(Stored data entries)
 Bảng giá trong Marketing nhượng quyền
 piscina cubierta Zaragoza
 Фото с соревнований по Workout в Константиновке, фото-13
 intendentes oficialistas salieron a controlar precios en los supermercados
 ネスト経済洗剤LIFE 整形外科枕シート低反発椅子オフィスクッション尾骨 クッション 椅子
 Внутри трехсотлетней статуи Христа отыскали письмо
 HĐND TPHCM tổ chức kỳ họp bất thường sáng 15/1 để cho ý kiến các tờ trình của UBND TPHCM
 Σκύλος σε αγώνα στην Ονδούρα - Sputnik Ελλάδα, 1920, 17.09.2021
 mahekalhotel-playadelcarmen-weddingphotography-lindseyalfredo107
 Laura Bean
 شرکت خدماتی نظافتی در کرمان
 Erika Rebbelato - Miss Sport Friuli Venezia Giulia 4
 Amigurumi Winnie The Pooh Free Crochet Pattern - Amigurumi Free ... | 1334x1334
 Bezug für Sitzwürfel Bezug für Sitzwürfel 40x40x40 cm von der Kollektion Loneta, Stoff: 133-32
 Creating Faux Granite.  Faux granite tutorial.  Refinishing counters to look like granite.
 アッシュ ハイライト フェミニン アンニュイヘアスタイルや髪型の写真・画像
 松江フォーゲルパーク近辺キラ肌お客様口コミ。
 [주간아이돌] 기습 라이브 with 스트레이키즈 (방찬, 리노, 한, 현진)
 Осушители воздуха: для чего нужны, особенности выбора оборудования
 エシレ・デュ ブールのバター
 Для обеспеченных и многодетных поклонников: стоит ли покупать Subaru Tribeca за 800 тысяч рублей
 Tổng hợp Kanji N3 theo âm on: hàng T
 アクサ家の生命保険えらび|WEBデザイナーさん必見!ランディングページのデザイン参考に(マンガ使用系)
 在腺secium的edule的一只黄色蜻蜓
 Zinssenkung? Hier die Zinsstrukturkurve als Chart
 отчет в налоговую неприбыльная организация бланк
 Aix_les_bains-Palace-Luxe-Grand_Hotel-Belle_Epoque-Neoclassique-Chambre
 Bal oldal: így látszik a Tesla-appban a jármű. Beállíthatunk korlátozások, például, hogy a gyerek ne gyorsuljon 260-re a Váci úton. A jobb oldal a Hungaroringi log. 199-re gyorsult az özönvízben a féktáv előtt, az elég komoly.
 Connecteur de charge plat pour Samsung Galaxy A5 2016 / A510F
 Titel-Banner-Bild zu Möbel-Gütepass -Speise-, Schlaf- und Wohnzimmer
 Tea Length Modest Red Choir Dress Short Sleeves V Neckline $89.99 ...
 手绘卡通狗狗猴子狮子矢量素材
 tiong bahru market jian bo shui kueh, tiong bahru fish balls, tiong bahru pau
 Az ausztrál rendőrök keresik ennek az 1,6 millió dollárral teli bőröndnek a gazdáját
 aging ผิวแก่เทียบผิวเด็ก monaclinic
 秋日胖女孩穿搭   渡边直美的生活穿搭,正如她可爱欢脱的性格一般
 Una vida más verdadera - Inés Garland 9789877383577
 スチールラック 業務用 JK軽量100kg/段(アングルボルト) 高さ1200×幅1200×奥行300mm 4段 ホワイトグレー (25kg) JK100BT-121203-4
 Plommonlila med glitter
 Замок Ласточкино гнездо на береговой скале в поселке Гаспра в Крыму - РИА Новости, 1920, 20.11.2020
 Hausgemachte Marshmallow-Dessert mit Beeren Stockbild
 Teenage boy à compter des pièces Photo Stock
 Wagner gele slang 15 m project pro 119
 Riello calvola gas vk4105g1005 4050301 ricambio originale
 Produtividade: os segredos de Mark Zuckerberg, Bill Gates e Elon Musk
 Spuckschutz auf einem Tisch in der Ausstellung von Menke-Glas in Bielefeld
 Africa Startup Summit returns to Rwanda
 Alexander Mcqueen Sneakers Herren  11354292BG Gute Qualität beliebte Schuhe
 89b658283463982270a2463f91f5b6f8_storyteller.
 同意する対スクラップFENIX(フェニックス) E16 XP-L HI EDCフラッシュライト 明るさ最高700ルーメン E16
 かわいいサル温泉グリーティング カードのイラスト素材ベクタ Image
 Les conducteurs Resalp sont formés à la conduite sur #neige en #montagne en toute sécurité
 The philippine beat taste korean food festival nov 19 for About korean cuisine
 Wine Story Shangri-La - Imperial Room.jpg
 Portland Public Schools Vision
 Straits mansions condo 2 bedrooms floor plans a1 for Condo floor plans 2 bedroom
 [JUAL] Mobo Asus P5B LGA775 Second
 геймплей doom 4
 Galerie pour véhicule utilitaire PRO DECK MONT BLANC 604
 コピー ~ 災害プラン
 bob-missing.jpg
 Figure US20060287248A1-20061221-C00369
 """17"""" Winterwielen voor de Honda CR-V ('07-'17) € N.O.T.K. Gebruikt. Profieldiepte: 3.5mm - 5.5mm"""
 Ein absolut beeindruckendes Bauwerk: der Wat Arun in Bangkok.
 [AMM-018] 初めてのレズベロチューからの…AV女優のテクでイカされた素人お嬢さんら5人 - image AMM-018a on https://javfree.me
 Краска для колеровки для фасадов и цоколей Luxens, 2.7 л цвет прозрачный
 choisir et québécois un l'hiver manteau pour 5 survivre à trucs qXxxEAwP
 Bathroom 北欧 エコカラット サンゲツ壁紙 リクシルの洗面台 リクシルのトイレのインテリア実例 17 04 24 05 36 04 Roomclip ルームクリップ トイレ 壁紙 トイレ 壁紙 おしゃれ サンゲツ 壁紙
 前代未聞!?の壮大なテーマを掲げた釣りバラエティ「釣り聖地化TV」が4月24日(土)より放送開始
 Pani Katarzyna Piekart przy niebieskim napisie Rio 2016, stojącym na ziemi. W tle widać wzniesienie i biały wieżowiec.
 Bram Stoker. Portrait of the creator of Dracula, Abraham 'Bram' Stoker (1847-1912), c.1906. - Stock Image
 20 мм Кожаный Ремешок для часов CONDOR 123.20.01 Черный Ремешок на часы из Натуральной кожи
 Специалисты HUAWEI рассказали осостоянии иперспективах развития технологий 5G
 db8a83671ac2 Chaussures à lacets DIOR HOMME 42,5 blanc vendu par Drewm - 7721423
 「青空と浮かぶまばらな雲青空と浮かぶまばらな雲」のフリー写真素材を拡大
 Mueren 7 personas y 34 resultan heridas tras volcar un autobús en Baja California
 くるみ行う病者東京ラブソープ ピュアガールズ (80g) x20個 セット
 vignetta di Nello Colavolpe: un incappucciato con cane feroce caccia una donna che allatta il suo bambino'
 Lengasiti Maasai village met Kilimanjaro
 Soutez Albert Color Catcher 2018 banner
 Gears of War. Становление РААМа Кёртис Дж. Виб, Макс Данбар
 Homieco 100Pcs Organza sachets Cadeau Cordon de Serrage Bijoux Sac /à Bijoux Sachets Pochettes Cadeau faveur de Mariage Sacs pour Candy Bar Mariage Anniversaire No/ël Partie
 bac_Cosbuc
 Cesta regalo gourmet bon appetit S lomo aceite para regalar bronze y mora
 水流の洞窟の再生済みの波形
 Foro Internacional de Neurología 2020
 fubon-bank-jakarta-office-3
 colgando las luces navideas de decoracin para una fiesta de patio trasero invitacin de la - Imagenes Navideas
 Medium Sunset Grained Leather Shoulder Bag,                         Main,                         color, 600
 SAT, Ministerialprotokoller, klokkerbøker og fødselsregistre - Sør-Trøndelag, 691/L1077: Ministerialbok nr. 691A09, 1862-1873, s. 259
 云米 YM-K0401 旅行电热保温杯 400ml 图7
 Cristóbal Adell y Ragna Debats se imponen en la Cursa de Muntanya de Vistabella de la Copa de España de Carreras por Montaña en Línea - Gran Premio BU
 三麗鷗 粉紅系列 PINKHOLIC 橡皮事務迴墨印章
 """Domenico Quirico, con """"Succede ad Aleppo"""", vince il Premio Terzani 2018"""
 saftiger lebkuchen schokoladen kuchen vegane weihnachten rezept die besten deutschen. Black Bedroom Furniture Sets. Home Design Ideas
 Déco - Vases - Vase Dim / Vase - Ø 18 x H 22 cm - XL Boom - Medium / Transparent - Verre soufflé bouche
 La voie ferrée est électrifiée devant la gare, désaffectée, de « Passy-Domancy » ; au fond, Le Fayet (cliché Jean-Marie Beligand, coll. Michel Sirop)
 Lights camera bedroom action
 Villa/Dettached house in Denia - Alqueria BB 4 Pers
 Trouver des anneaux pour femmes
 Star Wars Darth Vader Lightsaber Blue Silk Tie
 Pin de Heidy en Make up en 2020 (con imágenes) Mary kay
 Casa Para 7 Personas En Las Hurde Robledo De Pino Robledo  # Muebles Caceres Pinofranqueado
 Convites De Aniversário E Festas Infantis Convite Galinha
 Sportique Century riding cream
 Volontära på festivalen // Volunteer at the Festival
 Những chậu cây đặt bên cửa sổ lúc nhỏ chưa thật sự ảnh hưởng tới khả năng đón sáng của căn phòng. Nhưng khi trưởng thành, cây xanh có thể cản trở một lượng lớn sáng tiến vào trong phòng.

TO DO:
Return, exactly as they stand, the lines from the start of the records above through the line with "エシレ・デュ ブールのバター", both ends included, and no other lines.

REPLY TO THE EXERCISE:
 Bảng giá trong Marketing nhượng quyền
 piscina cubierta Zaragoza
 Фото с соревнований по Workout в Константиновке, фото-13
 intendentes oficialistas salieron a controlar precios en los supermercados
 ネスト経済洗剤LIFE 整形外科枕シート低反発椅子オフィスクッション尾骨 クッション 椅子
 Внутри трехсотлетней статуи Христа отыскали письмо
 HĐND TPHCM tổ chức kỳ họp bất thường sáng 15/1 để cho ý kiến các tờ trình của UBND TPHCM
 Σκύλος σε αγώνα στην Ονδούρα - Sputnik Ελλάδα, 1920, 17.09.2021
 mahekalhotel-playadelcarmen-weddingphotography-lindseyalfredo107
 Laura Bean
 شرکت خدماتی نظافتی در کرمان
 Erika Rebbelato - Miss Sport Friuli Venezia Giulia 4
 Amigurumi Winnie The Pooh Free Crochet Pattern - Amigurumi Free ... | 1334x1334
 Bezug für Sitzwürfel Bezug für Sitzwürfel 40x40x40 cm von der Kollektion Loneta, Stoff: 133-32
 Creating Faux Granite.  Faux granite tutorial.  Refinishing counters to look like granite.
 アッシュ ハイライト フェミニン アンニュイヘアスタイルや髪型の写真・画像
 松江フォーゲルパーク近辺キラ肌お客様口コミ。
 [주간아이돌] 기습 라이브 with 스트레이키즈 (방찬, 리노, 한, 현진)
 Осушители воздуха: для чего нужны, особенности выбора оборудования
 エシレ・デュ ブールのバター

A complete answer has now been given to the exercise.